Assigned task
The answer must match the material word for word, with every line included.

Given data
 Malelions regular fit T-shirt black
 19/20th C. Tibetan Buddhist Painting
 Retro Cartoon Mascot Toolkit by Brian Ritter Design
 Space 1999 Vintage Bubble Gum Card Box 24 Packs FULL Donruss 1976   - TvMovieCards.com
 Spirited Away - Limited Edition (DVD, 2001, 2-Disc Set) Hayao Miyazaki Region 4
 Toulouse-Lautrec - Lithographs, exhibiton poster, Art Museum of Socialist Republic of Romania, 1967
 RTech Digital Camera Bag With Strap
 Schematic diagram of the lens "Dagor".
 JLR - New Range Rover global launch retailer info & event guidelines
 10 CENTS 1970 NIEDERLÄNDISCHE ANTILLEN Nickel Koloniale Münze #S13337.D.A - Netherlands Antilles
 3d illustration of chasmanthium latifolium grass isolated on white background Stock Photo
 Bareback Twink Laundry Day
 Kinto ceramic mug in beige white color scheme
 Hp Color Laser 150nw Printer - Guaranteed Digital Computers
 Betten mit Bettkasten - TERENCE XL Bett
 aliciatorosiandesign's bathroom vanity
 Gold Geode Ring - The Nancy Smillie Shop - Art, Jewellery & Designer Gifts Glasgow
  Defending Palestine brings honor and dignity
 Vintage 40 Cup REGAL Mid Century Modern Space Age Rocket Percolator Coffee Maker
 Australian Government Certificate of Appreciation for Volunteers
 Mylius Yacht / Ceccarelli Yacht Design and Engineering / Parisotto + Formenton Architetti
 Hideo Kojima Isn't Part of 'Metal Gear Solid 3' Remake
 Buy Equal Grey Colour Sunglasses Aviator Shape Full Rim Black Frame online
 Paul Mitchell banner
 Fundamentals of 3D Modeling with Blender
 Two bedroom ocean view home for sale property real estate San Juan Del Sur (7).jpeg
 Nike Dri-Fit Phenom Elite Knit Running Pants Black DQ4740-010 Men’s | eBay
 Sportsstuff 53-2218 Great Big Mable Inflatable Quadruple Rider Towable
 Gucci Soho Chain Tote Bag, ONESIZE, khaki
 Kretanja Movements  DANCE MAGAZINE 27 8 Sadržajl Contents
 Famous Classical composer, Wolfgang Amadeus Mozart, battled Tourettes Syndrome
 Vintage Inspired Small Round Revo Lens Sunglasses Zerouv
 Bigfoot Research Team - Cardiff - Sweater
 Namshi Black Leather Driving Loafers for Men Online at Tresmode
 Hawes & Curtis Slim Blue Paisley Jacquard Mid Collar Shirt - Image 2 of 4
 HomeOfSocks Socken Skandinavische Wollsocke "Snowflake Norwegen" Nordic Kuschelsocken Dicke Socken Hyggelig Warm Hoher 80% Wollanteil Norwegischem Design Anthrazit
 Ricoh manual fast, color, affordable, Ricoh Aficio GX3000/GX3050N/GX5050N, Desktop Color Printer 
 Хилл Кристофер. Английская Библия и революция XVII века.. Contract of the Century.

Solution
 Malelions regular fit T-shirt black
 19/20th C. Tibetan Buddhist Painting
 Retro Cartoon Mascot Toolkit by Brian Ritter Design
 Space 1999 Vintage Bubble Gum Card Box 24 Packs FULL Donruss 1976   - TvMovieCards.com
 Spirited Away - Limited Edition (DVD, 2001, 2-Disc Set) Hayao Miyazaki Region 4
 Toulouse-Lautrec - Lithographs, exhibiton poster, Art Museum of Socialist Republic of Romania, 1967
 RTech Digital Camera Bag With Strap
 Schematic diagram of the lens "Dagor".
 JLR - New Range Rover global launch retailer info & event guidelines
 10 CENTS 1970 NIEDERLÄNDISCHE ANTILLEN Nickel Koloniale Münze #S13337.D.A - Netherlands Antilles
 3d illustration of chasmanthium latifolium grass isolated on white background Stock Photo
 Bareback Twink Laundry Day
 Kinto ceramic mug in beige white color scheme
 Hp Color Laser 150nw Printer - Guaranteed Digital Computers
 Betten mit Bettkasten - TERENCE XL Bett
 aliciatorosiandesign's bathroom vanity
 Gold Geode Ring - The Nancy Smillie Shop - Art, Jewellery & Designer Gifts Glasgow
  Defending Palestine brings honor and dignity
 Vintage 40 Cup REGAL Mid Century Modern Space Age Rocket Percolator Coffee Maker
 Australian Government Certificate of Appreciation for Volunteers
 Mylius Yacht / Ceccarelli Yacht Design and Engineering / Parisotto + Formenton Architetti
 Hideo Kojima Isn't Part of 'Metal Gear Solid 3' Remake
 Buy Equal Grey Colour Sunglasses Aviator Shape Full Rim Black Frame online
 Paul Mitchell banner
 Fundamentals of 3D Modeling with Blender
 Two bedroom ocean view home for sale property real estate San Juan Del Sur (7).jpeg
 Nike Dri-Fit Phenom Elite Knit Running Pants Black DQ4740-010 Men’s | eBay
 Sportsstuff 53-2218 Great Big Mable Inflatable Quadruple Rider Towable
 Gucci Soho Chain Tote Bag, ONESIZE, khaki
 Kretanja Movements  DANCE MAGAZINE 27 8 Sadržajl Contents
 Famous Classical composer, Wolfgang Amadeus Mozart, battled Tourettes Syndrome
 Vintage Inspired Small Round Revo Lens Sunglasses Zerouv
 Bigfoot Research Team - Cardiff - Sweater
 Namshi Black Leather Driving Loafers for Men Online at Tresmode
 Hawes & Curtis Slim Blue Paisley Jacquard Mid Collar Shirt - Image 2 of 4
 HomeOfSocks Socken Skandinavische Wollsocke "Snowflake Norwegen" Nordic Kuschelsocken Dicke Socken Hyggelig Warm Hoher 80% Wollanteil Norwegischem Design Anthrazit
 Ricoh manual fast, color, affordable, Ricoh Aficio GX3000/GX3050N/GX5050N, Desktop Color Printer 
 Хилл Кристофер. Английская Библия и революция XVII века.. Contract of the Century.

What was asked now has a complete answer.